SylviaWhittle · 2024-11-22T17:19:21Z

This PR is huge (sorry)

Main things

This PR is designed to improve how we handle grains in the processing stages of TopoStats, starting at the grain finding stage, up to the disordered tracing stage. In future, this might be extended through the disordered tracing stage and beyond, however I've restricted the scope of this PR for the sake of everyone's sanity. The reason for stopping at disordered tracing is that once disordered tracing returns, all the data is wrapped up in neatly structured dictionaries, by grain and molecule, similar to what I've implemented, so I deemed this similar enough to not bother changing it yet.

The way this PR tries to standardize how we handle grains, is using DataClasses:

ImageGrainCrops
- has two attributes, above and below, each holding a DirectionGrainCrops object for that direction's grain crops
GrainCropsDirection
- two attributes: crops and full_mask_tensor
- crops stores dictionaries of GrainCrop objects ([int, GrainCrop])
- full_mask_tensor stores a full sized mask for the image, size is NxNxC where C is the number of classes. This is NOT automatically updated when the crops property is edited, this is because we don't want to update things during a loop. This can be discussed if this is an incorrect decision!
GrainCrop
- Stores various properties about the grain, such as mask, image, bbox padding etc.

This has the benefit of standardizing how we handle grains going forward, as we had previously been rather discordant in the types of data structures that we use in various parts of the codebase.

It also adds a helpful (I hope!!) layer of abstraction to processing functions, for example the run_grainstats function in processing no longer needs to take image, grain_masks, pixel_to_nm_scaling, it now takes just image_grain_crops which contains all the data for each crop.

This of course does come at the cost of increased memory usage as there are duplication of parts of images in the data structures as well as repeatedly listing the pixel_to_nm_scaling factor etc, however I personally find that the benefits here far outweigh the negatives. When working on the harbo-rings project, I found myself naturally extracting all the grains and storing them in a dictionary rather than keeping track of full image masks, I know Max also does this based on how he's handled the tracing code.

`disordered_tracing.py`

Removed prep_arrays. Prep arrays no longer needed, since it made a dictionary of grain crops, but we already have these now with the refactor.

TopoStats Pull Requests

Please provide a descriptive summary of the changes your Pull Request introduces.

The Software Development section of
the Contributing Guidelines may be useful if you are unfamiliar with linting, pre-commit, docstrings and testing.

NB - This header should be replaced with the description but please complete the below checklist or a short
description of why a particular item is not relevant.

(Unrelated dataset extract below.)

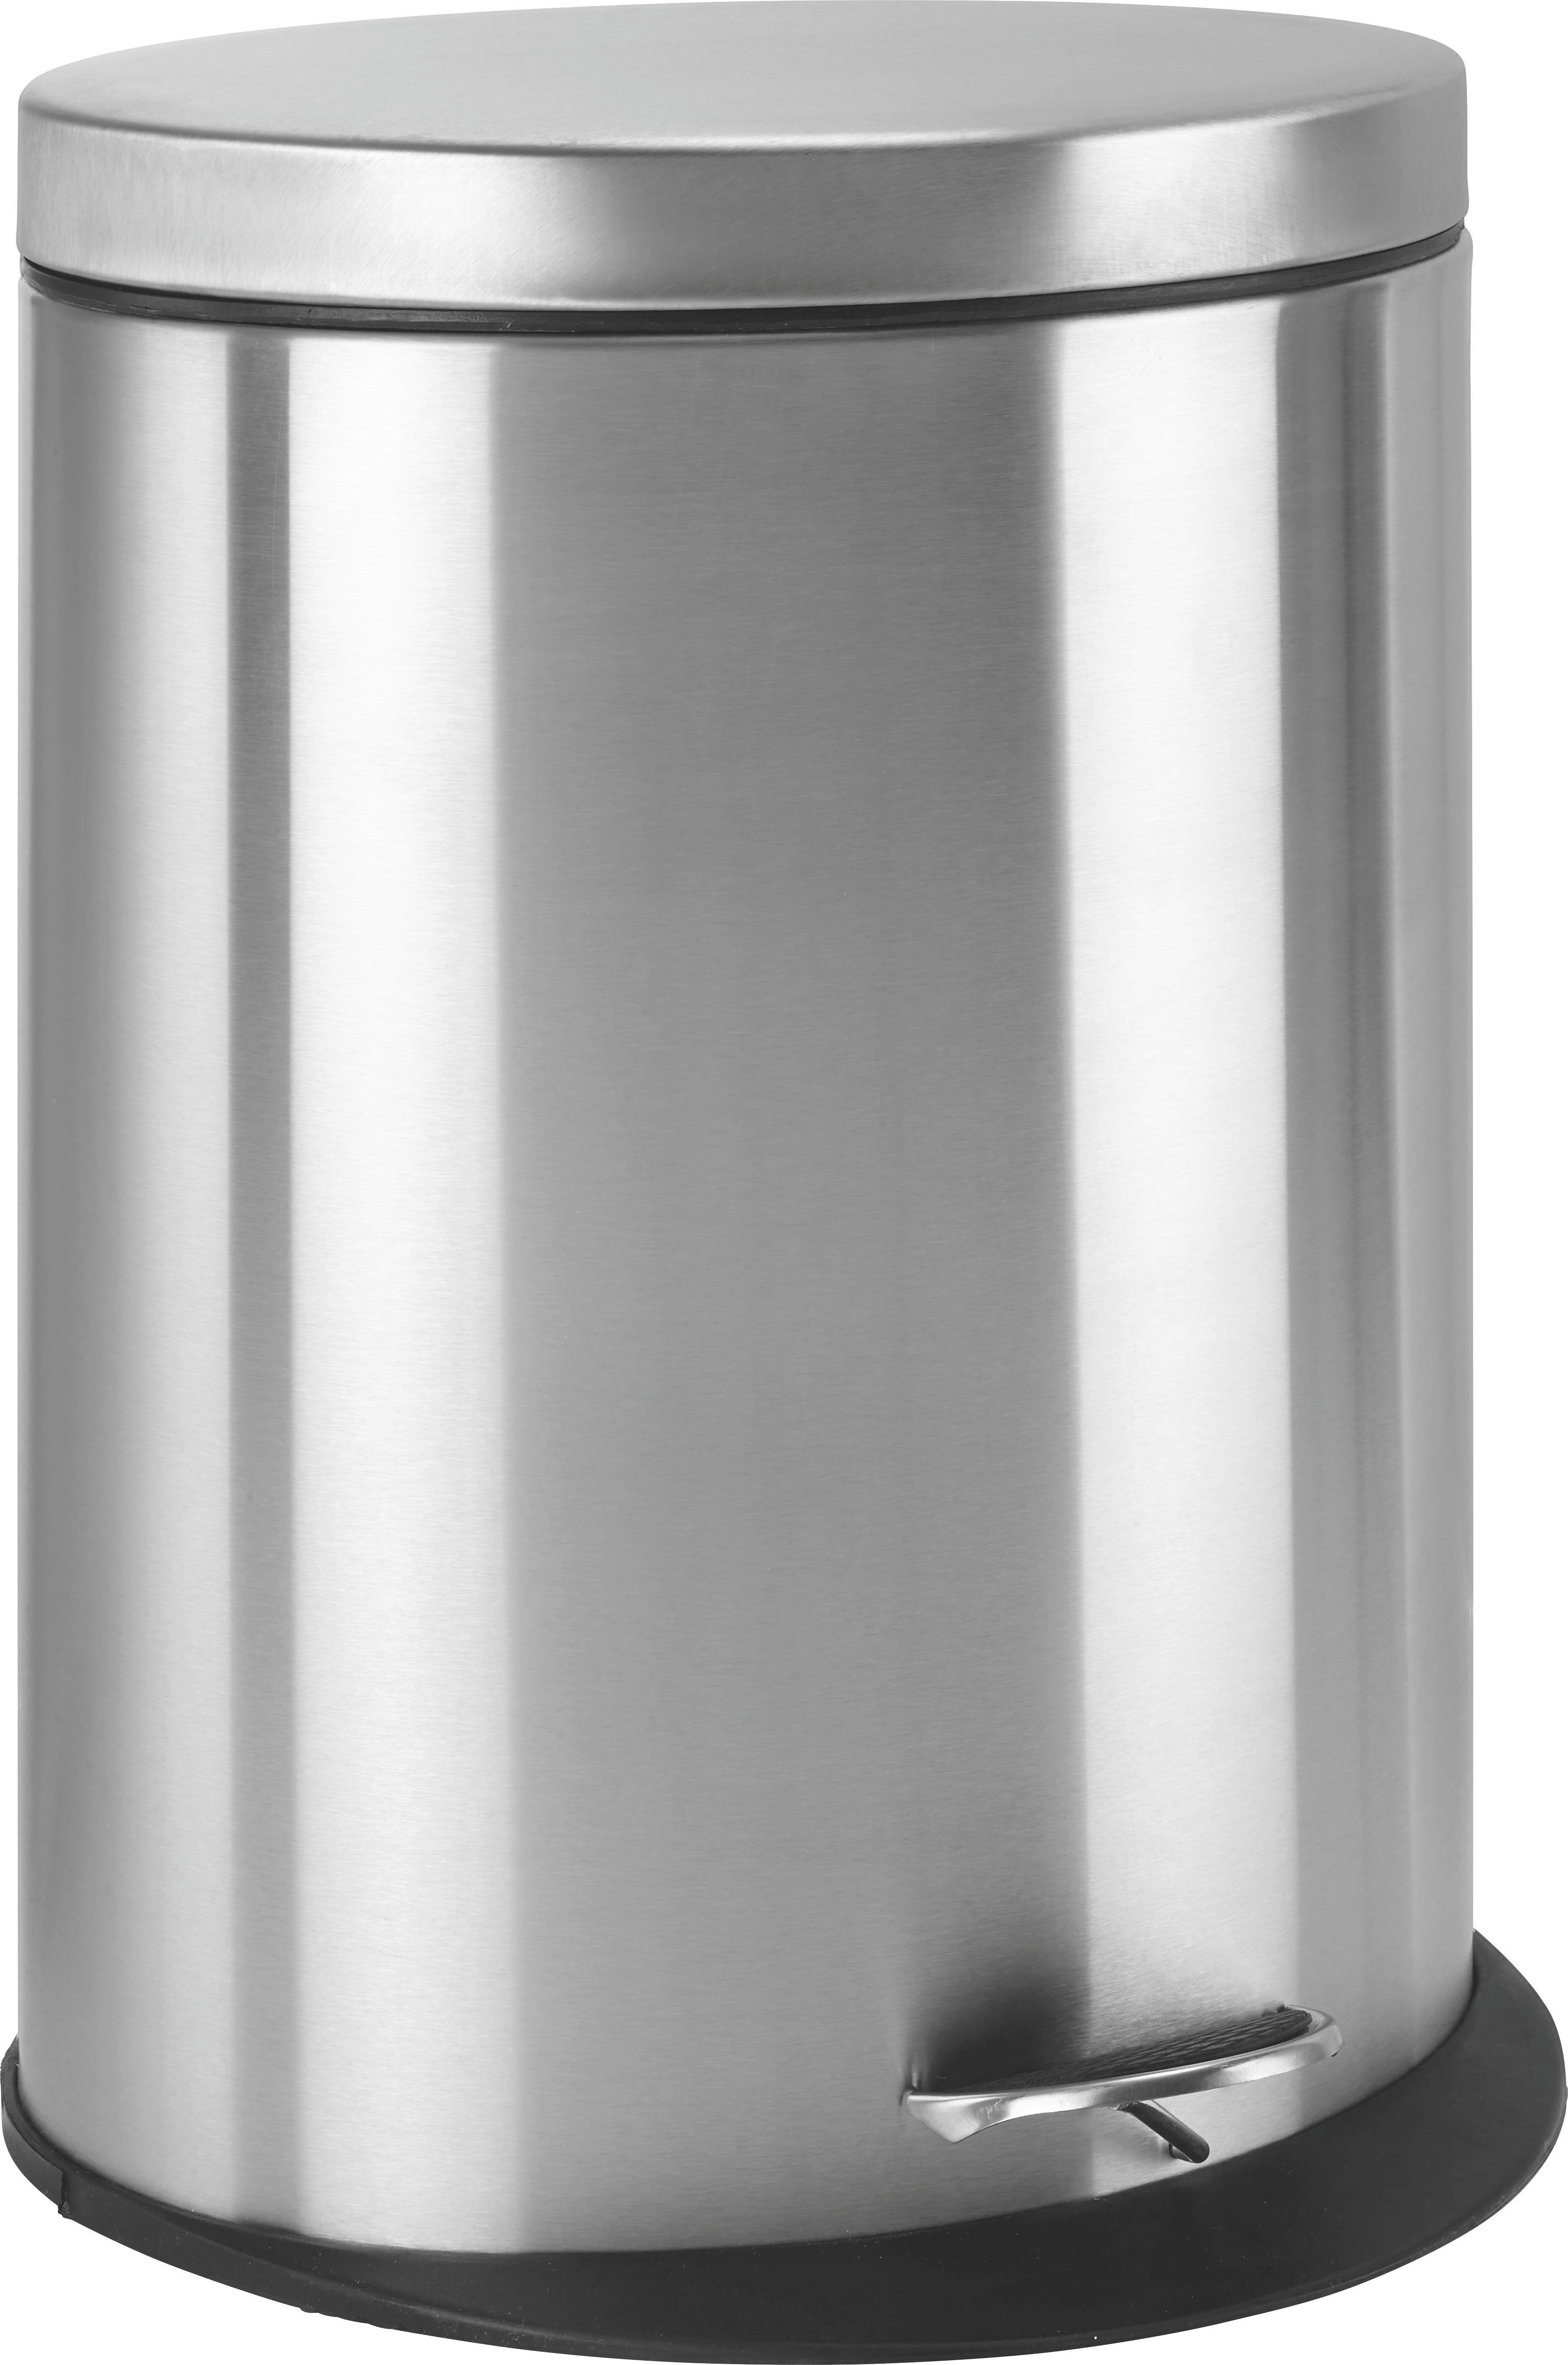 Treteimer Zoe in Chromfarben ca. 20l - Chromfarben/Schwarz, MODERN, Kunststoff/Metall (34/43,7/25cm) - MÖMAX modern living

Before submitting a Pull Request please check the following.

Existing tests pass.
Documentation has been updated and builds. Remember to update as required...
- docs/configuration.md
- docs/usage.md
- docs/data_dictionary.md
- docs/advanced.md and new pages it should link to.
Pre-commit checks pass.
New functions/methods have typehints and docstrings.
New functions/methods have tests which check the intended behaviour is correct.

Optional

`topostats/default_config.yaml`

If adding options to topostats/default_config.yaml please ensure.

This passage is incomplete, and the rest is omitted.